Friday, April 8, 2011

Impacts

    Have you ever had one family that impacts you in so many ways you can't count them?  I have one family in my life like that. They have made so many things possible for me that I would have never been able to do. You may know who I am talking about and you may not know, to me I think they are under rated. The Kjeldgaards are a testimony to me that anything is possible.
   Many of you don't know that without them I wouldn't be able to compete in Speech and Debate. Three years ago they decided to use one of their annual carnivals to raise a school fund for my siblings and me. Without this fund I wouldn't be doing the things I am doing now. The experiences I have been given I will never forget. And I will always be grateful to them for this.

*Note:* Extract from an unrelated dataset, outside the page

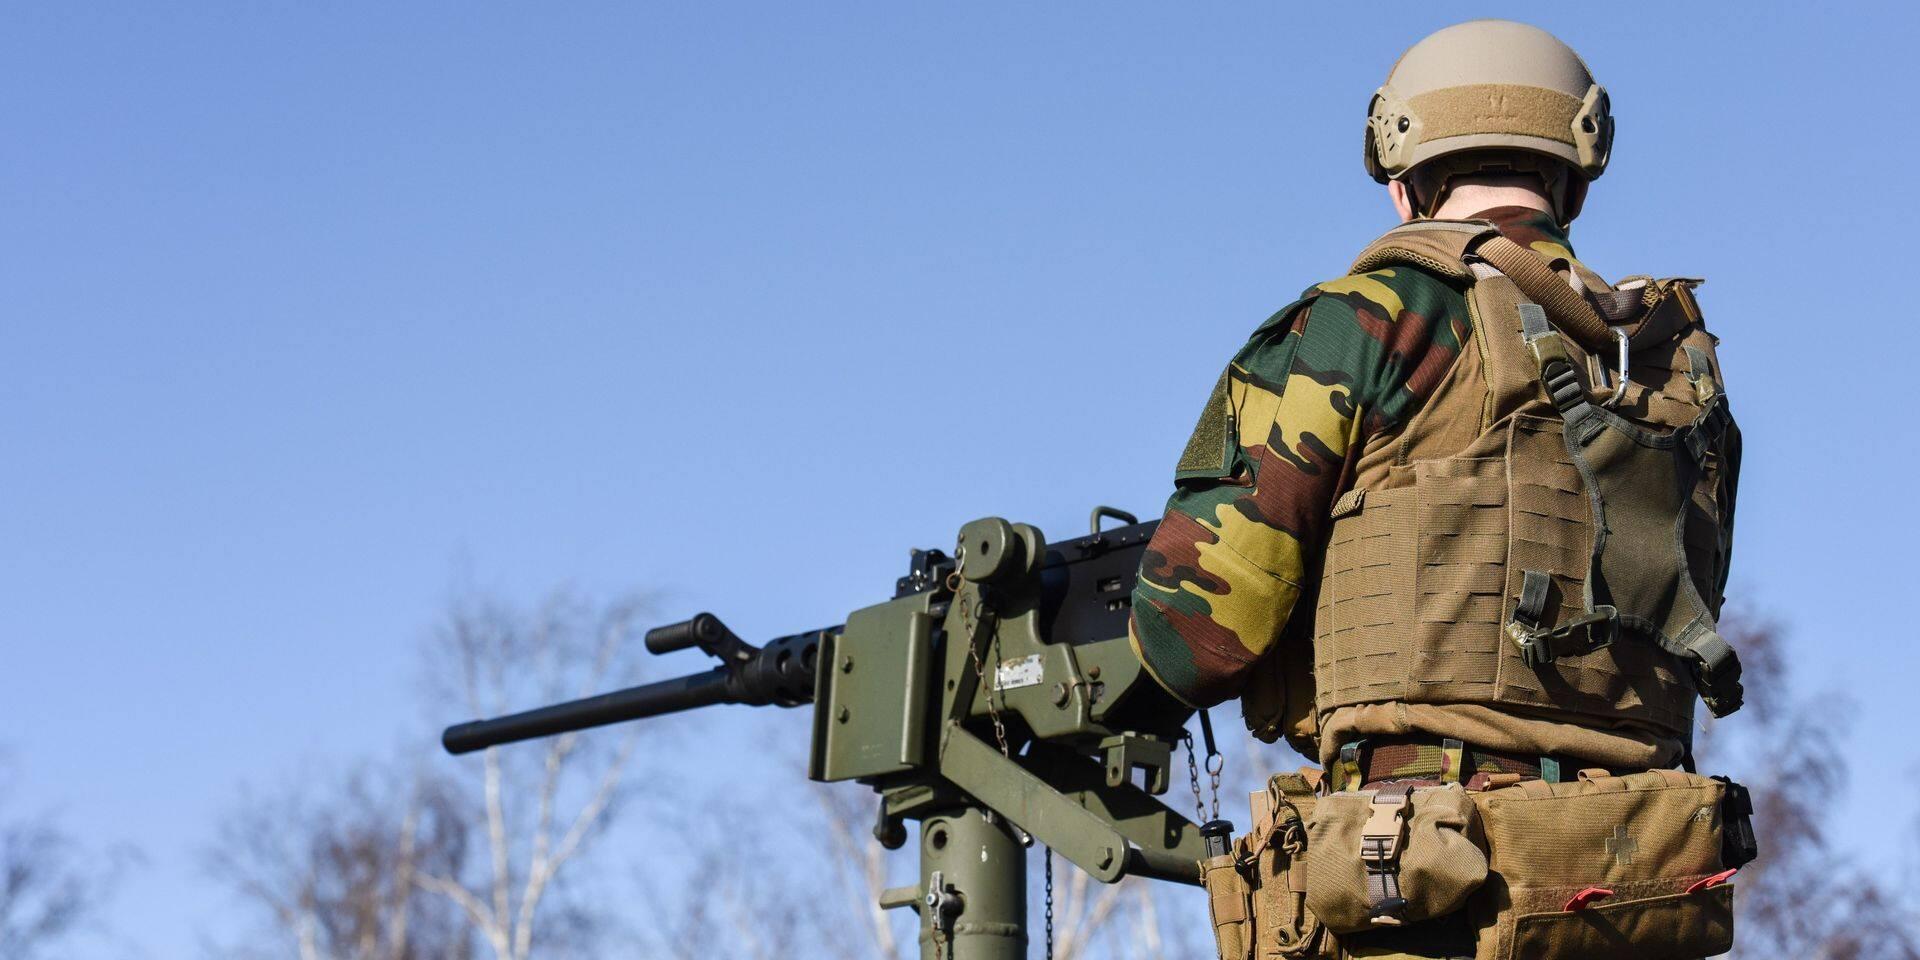 Le Conseil d'Etat suspend 4 licences d'exportations d'armes wallonnes à l'Arabie saoudite : les ONG se félicitent de la décision

  The other thing I am really blessed by is the wonderful friendships I have with them. Their two oldest kids and I have been friends for years and our friendships just keep getting stronger. It is a huge blessing. They are apart of the reason that I am so grounded in what I believe.
   Another way they have impacted me is how they have stood by me and encouraged me but also exhorted me to be a stronger christian and to give it all to God. I know that I can always talk to them about problems and issues I need help with.
   Every single Kjeldgaard has impacted me in so many ways. I am so blessed to have them in my life.